You can't copyright ideas as far as I know, only the outputting of said idea onto paper as a whole and completed work. I understand that need for secrecy for fear of someone stealing the idea to good effect, but even if said author did; If you gave a short premise for a story and they did write something, it is bound to be something completely different from what you intend to write at any rate. There are a thousand ways to tell a story even with the same or similar premise. 

Remember, as far as writing and the tropes, they've all been done before in some fashion or another and it's dependent on how you tell the story, the characters and the general feel of the novel. 

For example: The Karate Kid movie is in a broad sense much the same as Star Wars... a boy with no skills whatsoever meets an enigmatic older man when trouble comes to his door... that man teaches him to use abilities he didn't think he could master so quickly. Whether it's "The Force" or karate is what sets the tone of the film but generally they are both the same. 

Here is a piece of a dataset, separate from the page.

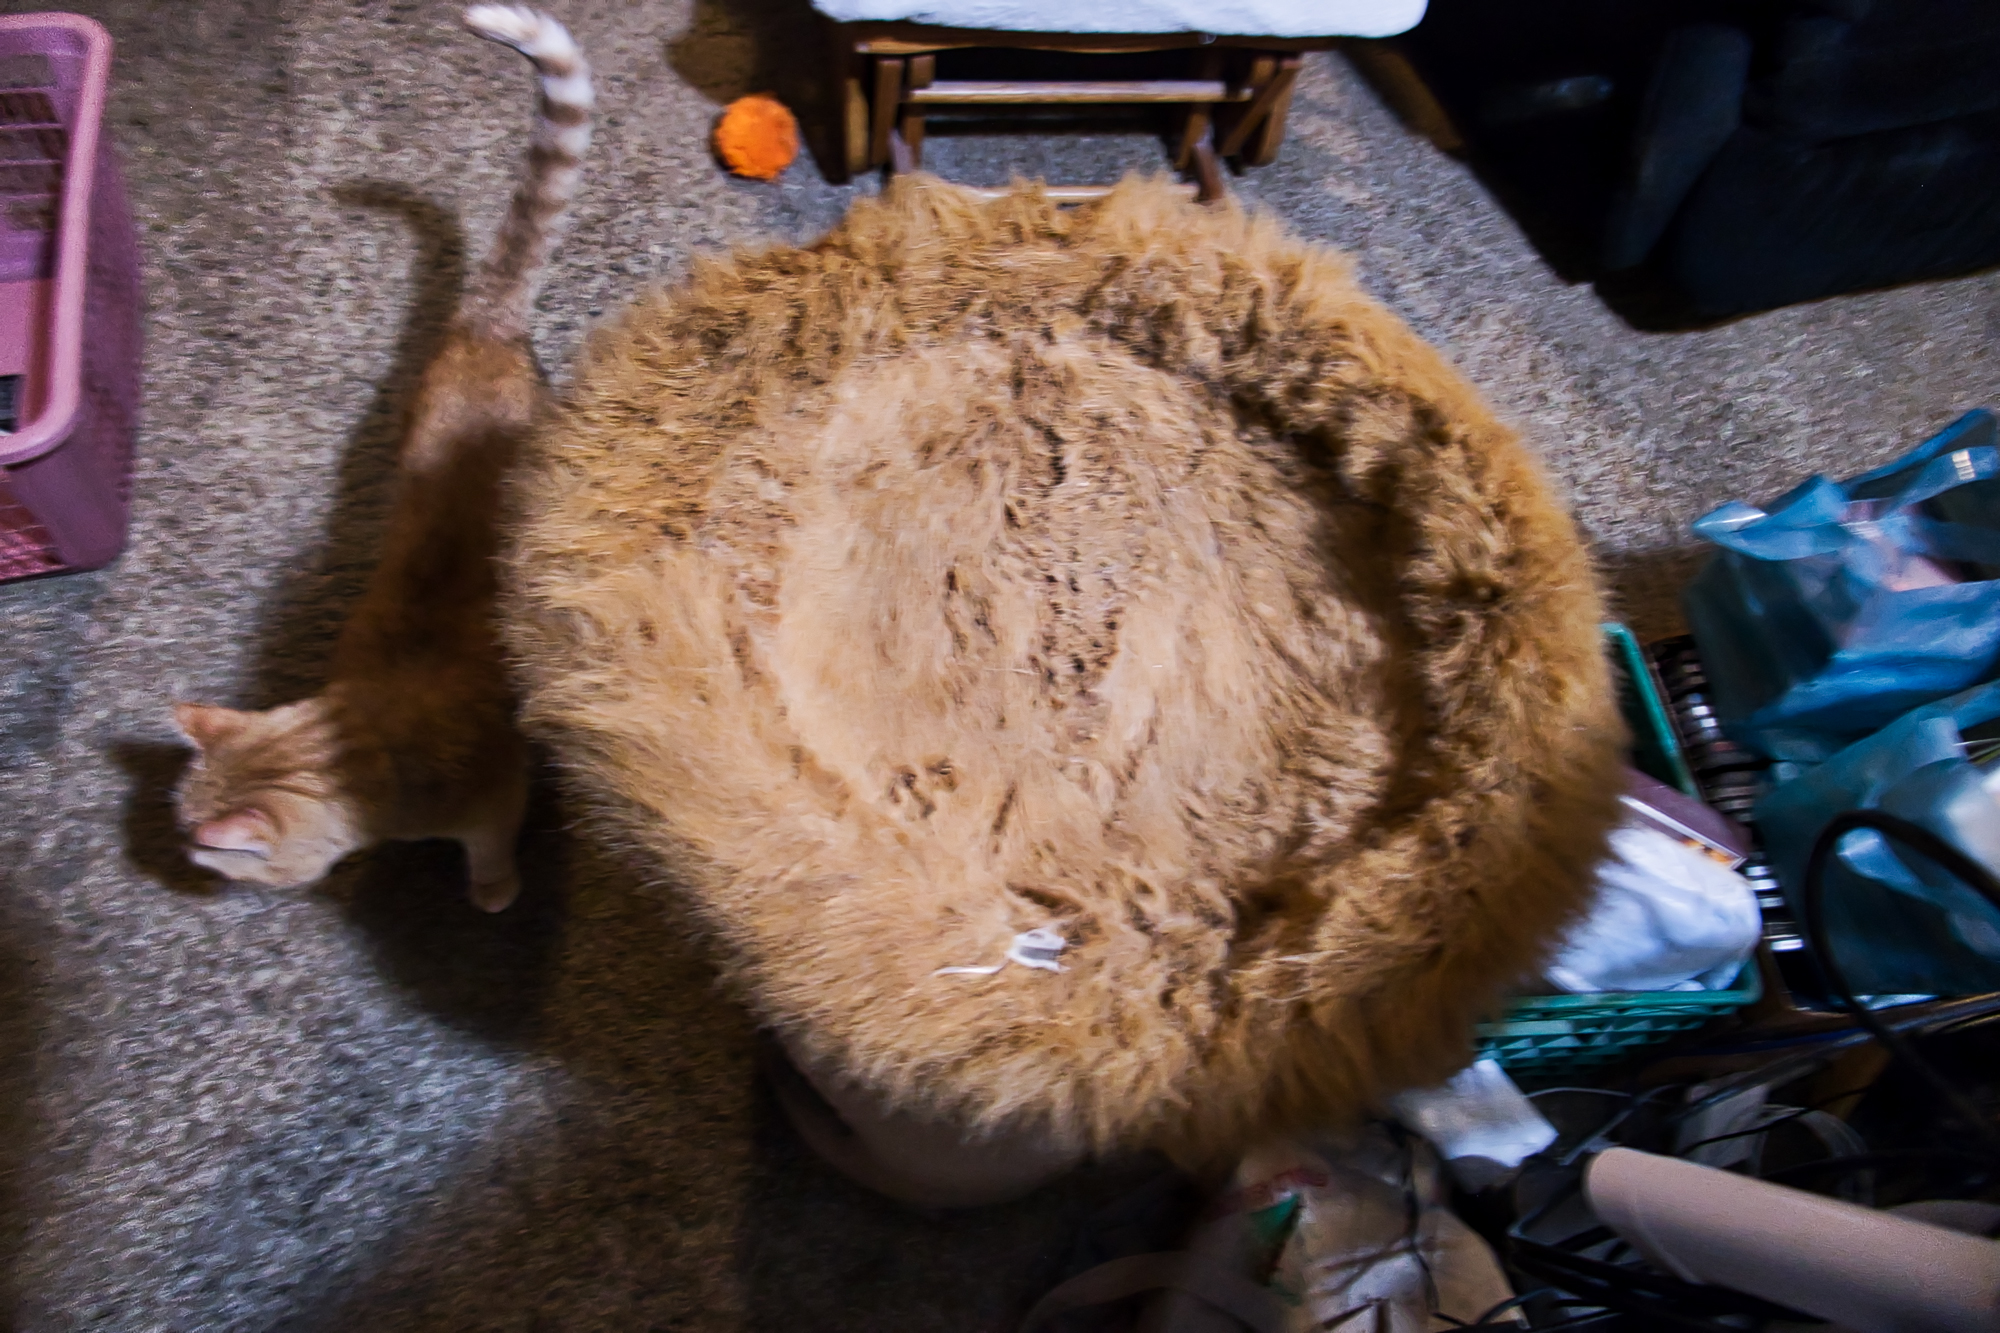 Meyer's Fox Fur Bedding

Edited: That being said, I think if you need help with a specific area of medieval living, there are a few forum posts on the subjects of food, everyday life, nobility, knighthood etc.. in the World Building category.


----------



## psychotick (Nov 12, 2012)

Hi,

I agree. Without more to go on we can't do a lot for you. As far as copyright is concerned, you can't copyright ideas, only the actual work. But there are few completely original ideas out there in the world of writing. They are only the plot points. It's the writing that will make your work great or poor.

Cheers, Greg.


----------



## Cosmolien (Nov 13, 2012)

Sorry i will rethink my strategy.
Thank you for your advise. 

Cosmolien


----------



## T.Allen.Smith (Nov 13, 2012)

There's a saying that a lot of writers subscribe to... "Ideas are cheap." The meaning is that the actual work, putting the words on paper, is what makes your story yours. It's how you package the tale. How it is told through the eyes of characters of your invention. 

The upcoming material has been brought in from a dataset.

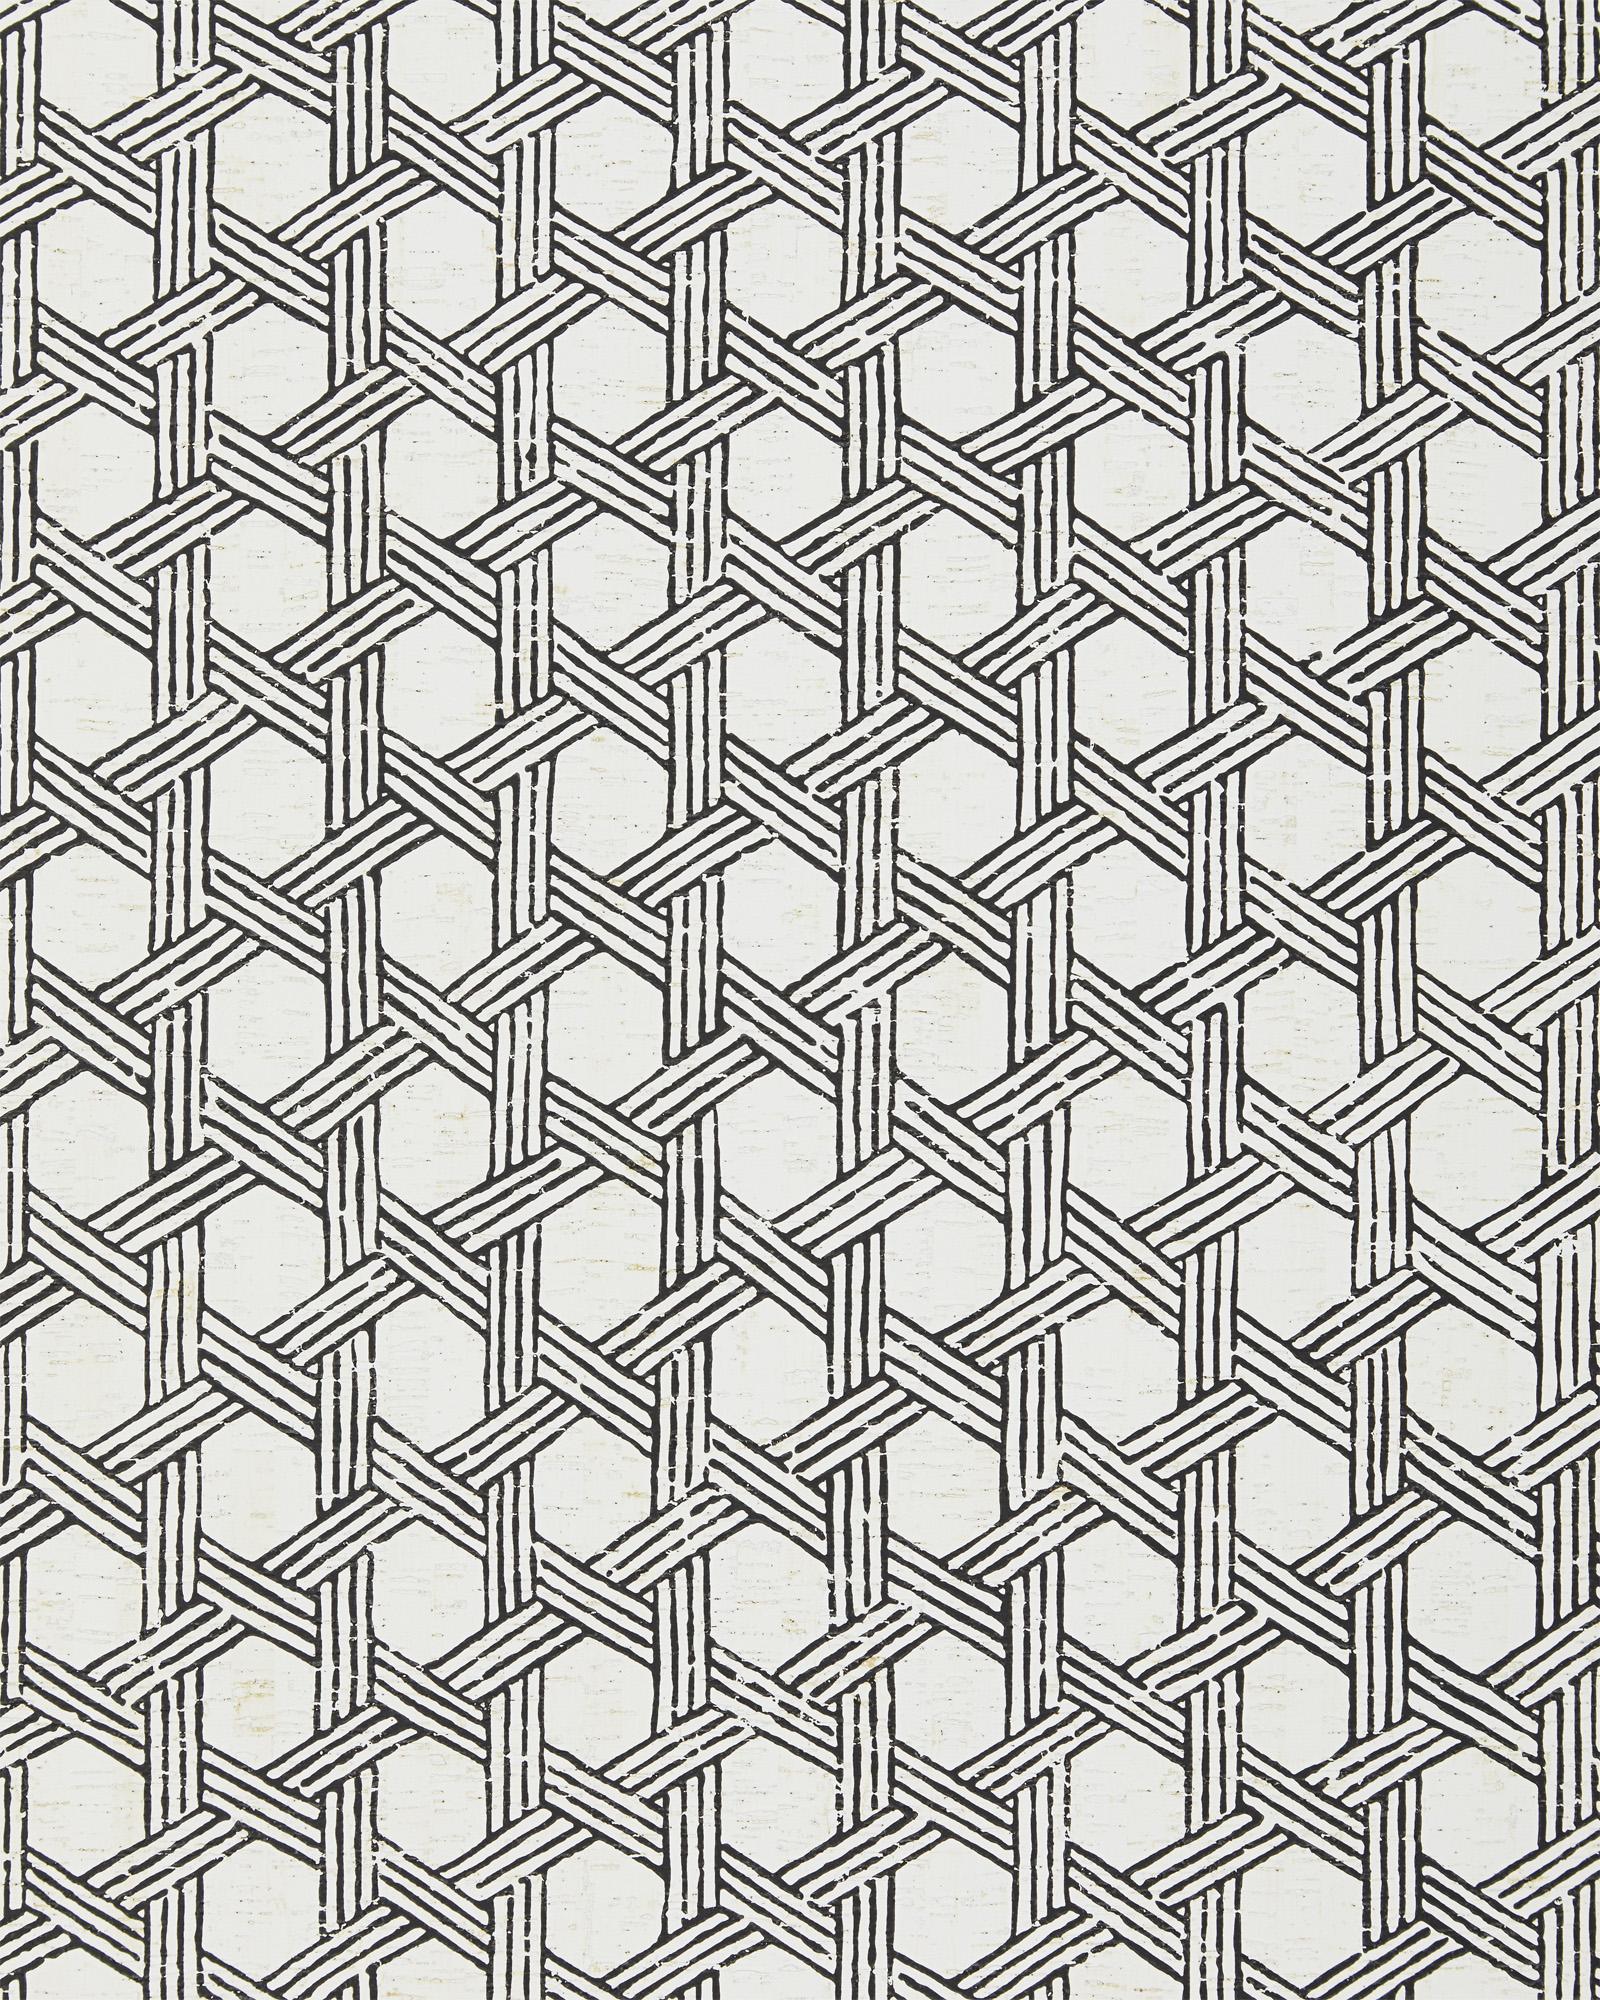 Wallpaper_Full_Cayman_Black_White_Cork_MV_Crop_BASE.jpg

If you want to hold tight to your story idea then don't let anyone persuade you towards another course of action. Be aware though, that we all have a plethora of ideas. We often have similar ideas. Those ideas however, when written, will tell two dramatically different stories. The stories will have different dynamics, different characters, and most importantly, a different authorial voice.

I used to think the same as you. I'd hold onto an idea, sealing it away in my mind like some rare treasure that would be snatched away if exposed to the air. Over the years though, I've learned the opposite is true. You generally just sound like a 
lunatic when describing your idea to someone else in a few spoken or written sentences. Novel ideas are too complex. They demand the unraveling & intrigue building that justifies their length.

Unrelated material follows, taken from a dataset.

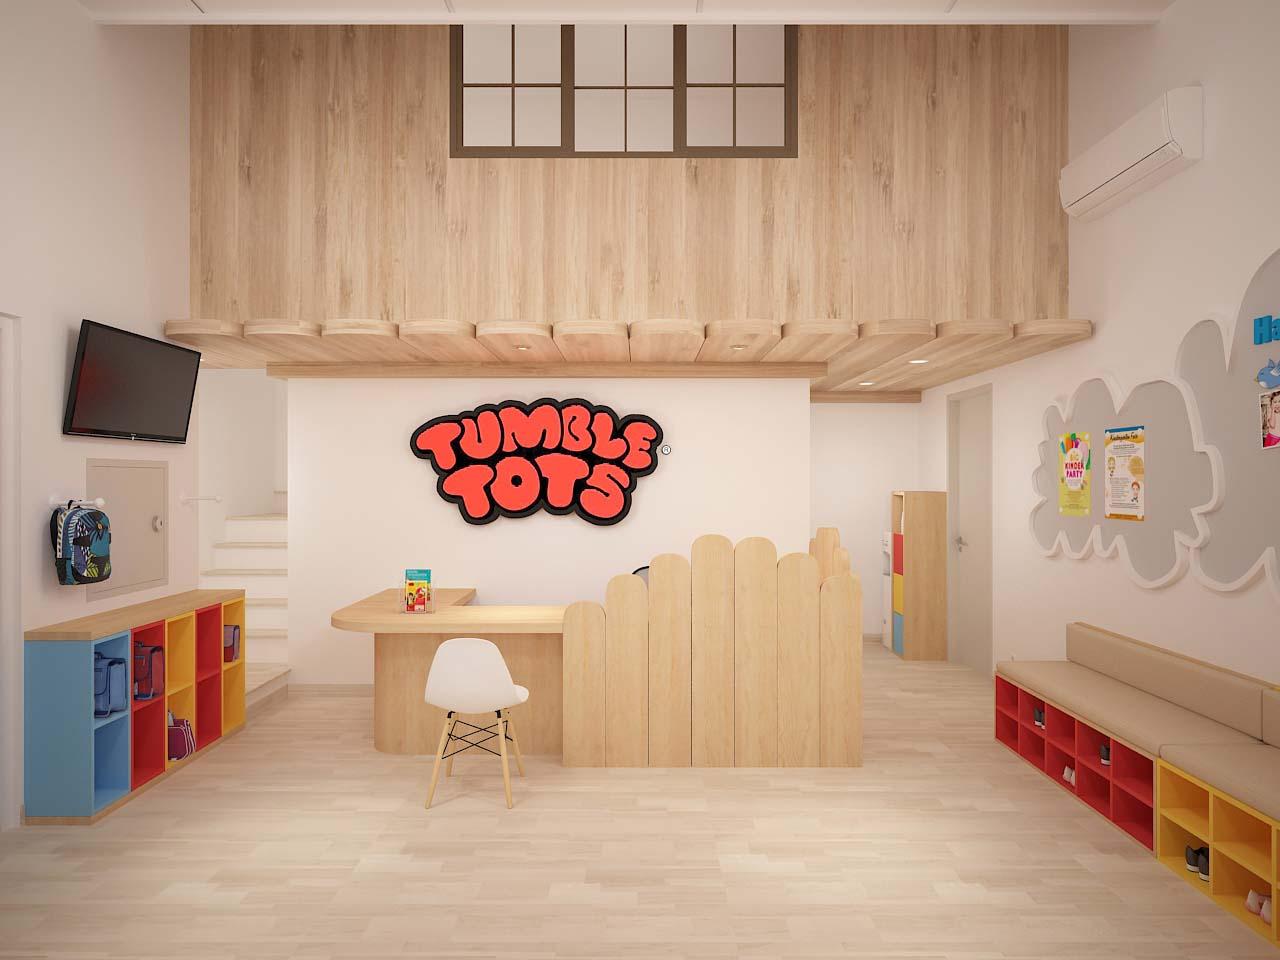 Tumble-Tots-Lobby_4.jpg

As I said before, do what you're comfortable with. In time though, you'll probably come to understand what people mean when they say "Ideas are cheap."


----------



## ThinkerX (Nov 13, 2012)

I'd suggest you take a peek at the entries in the various 'Iron Pen Challenges' in the Challenge subforum.

The writers are given four items to incorporate within a story - but just look at the sheer variety of tales produced from those four items.


----------



## Cosmolien (Nov 14, 2012)

Thank you very much for your advise it has all really helped me develop my understanding of writing.
I will take on board all that you have said to me and will in future be more open with my ideas. 
However all your advise has made me step back and revise my ideas. I think that i will need allot more experience to fully develop my ideas.

Thank you very much

Cosmolien


----------



## johnsonjoshuak (Nov 14, 2012)

The best way to get better at writing, is to write.

I've been writing for more than 15 years. The stuff that I wrote at the beginning was terrible. Absolutely abysmal.

I've gone through my dozens of notebooks and I can see the progression toward something tolerable until finally the stuff started to get good. And it was all because I kept writing.

If you would like some private feedback, feel free to PM me. I <3 Worldbuilding and Plotting =D


----------